I wanna make my code better but don't know how at this point. I'd like someone else's opnion to tell me how can I improve [closed]

Question

So a friend of mine asked if I could do a function that compresses strings. That function compresses a string if one character repeats itself more than four times, like: "abbbbbbcccdddd" will turn into "a#6bccc#4d". I'm noob and I wanna improve. Thank u for who is answering me :).

let text = '92HSSSS9U27888YSGGGGGG28SLKHFKLSPPPPSKWWW'

function compressText(text){
    return searchIqualLetters(text)
}

function searchIqualLetters(originalText){
    let modifyedText = ''

    for(let i = 0; i < originalText.length - 1; i++){

        for(let j = i + 1; j < originalText.length; j++){
            
            modifyedText = repeatFourTimes(i, j, originalText)
            if(modifyedText !== undefined && modifyedText !== ''){
                originalText = modifyedText
            }
        }
    }
    return originalText
}

function checkTextModifyed(){

}

function repeatFourTimes(i, j, text){
    if(text[i] == text[j] && text[i] == text[j + 1] && text[i] == text[j + 2]){
        return getLastIqualLetter(i, j, text)
    }
}

function getLastIqualLetter(i, j, text){
    let lastIqualLetterPosition = 0

    for(let k = 0; text[i] == text[j + k]; k++){
        lastIqualLetterPosition = j + k
    }

    return makeNewText(i, lastIqualLetterPosition, text)
}

function makeNewText(i, lastLetter, text){
    let cutedPart = text.slice(i, lastLetter + 1)

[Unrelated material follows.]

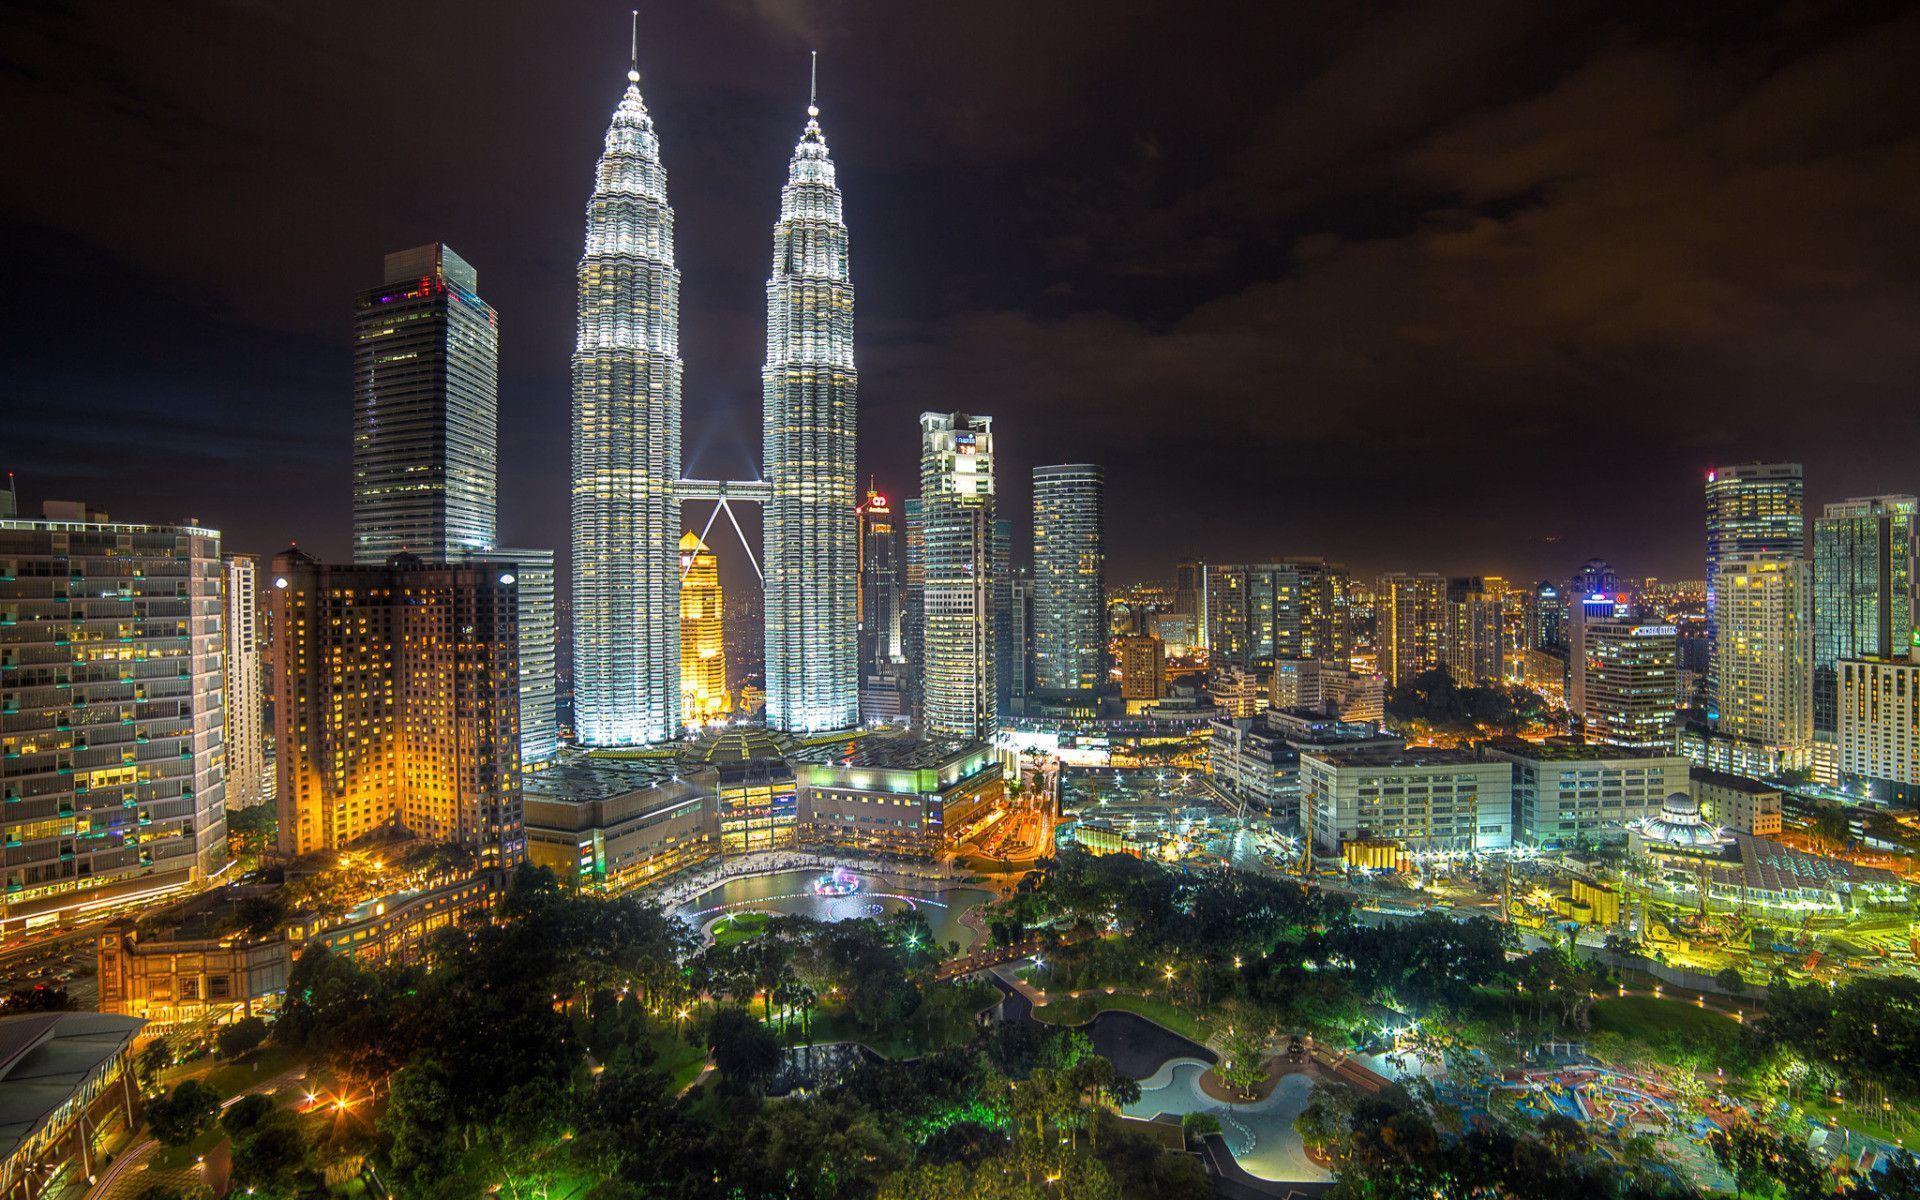 Petronas Towers Malaysia Skyline 4K Wallpapers  HD Wallpapers  ID 22658
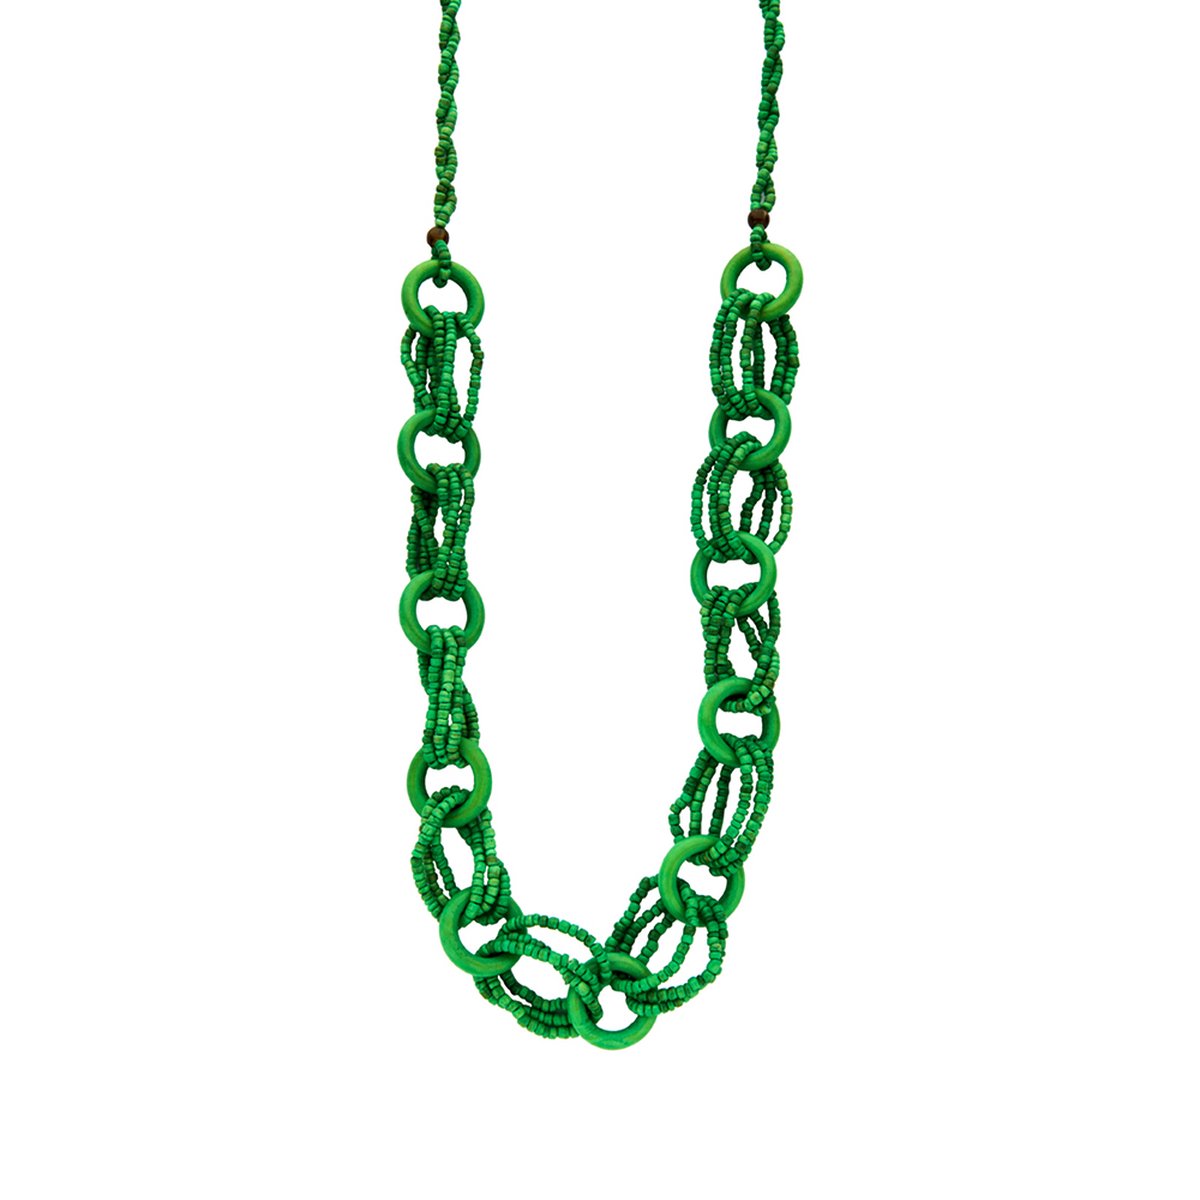 Les Cordes - Halsketting - Collier - URANIUM - Kleur Groen - Hout - Sieraad Dames - Juwelen - Statement ketting

    let startPart = text.slice(0, i)
    let centerPart = '#' + cutedPart.length + cutedPart[0]
    let endPart = text.slice(lastLetter + 1, text.length)
    
    return startPart + centerPart + endPart 
}

console.log(compressText(text)) // Result: 92H#4S9U27888YS#6G28SLKHFKLS#4PSKWWW

Answer 1

Here's my take on the problem:

function condense(text) {
    let count = 0;
    let out = "";
    text.split("").forEach((el, i, arr) => { // el = current letter, i = index of letter, arr = the input text as an array
        if (arr[i + 1] != el) { // if the next letter is not the same as the current one
            if (count < 3) {
                out += el.repeat(count + 1) // if the sequence is less than 3 letters, then just do it normally
            } else {
                out += "#" + (count + 1) + el; // else, condense it
            }
            count = 0; // reset sequence length
        } else {
            count += 1; // increase count of repeated letter sequence length
        }
    })
    return out;
}
console.log(condense("aaabbbbcdddddee")); // Output: "aaab#4cd#5ee"

console.log(condense('92HSSSS9U27888YSGGGGGG28SLKHFKLSPPPPSKWWW'));
console.log("92H#4S9U27888YS#6G28SLKHFKLS#4PSKWWW (reference)");

Answer 2

Here is my take on it:

const text = '92HSSSS9U27888YSGGGGGG28SLKHFKLSPPPPSKWWW';

function compr(txt){
  let  cnt=1,arr=[];
  txt.split("").reduce((p,c,i)=>{
    if(c==p) cnt++;
    if(c!=p || i==txt.length-1) {
     arr.push(cnt>3?`#${cnt}${p}`:p.repeat(cnt));
     cnt=1;
    }
    return c;
   });
   return arr.join("");
}

console.log(compr(text));
console.log("92H#4S9U27888YS#6G28SLKHFKLS#4PSKWWW (reference)");

The core of the action happens in the .reduce() loop. Here I compare the current character c with the previous one(p). If it is the same I simply increase the counter cnt otherwise - or in case I have reached the end of the string (i==txt.length-1) - I add the latest group of character in its suitable form to arr and reset cnt to 1. The arr array is eventually .join()ed and returned as the resulting string.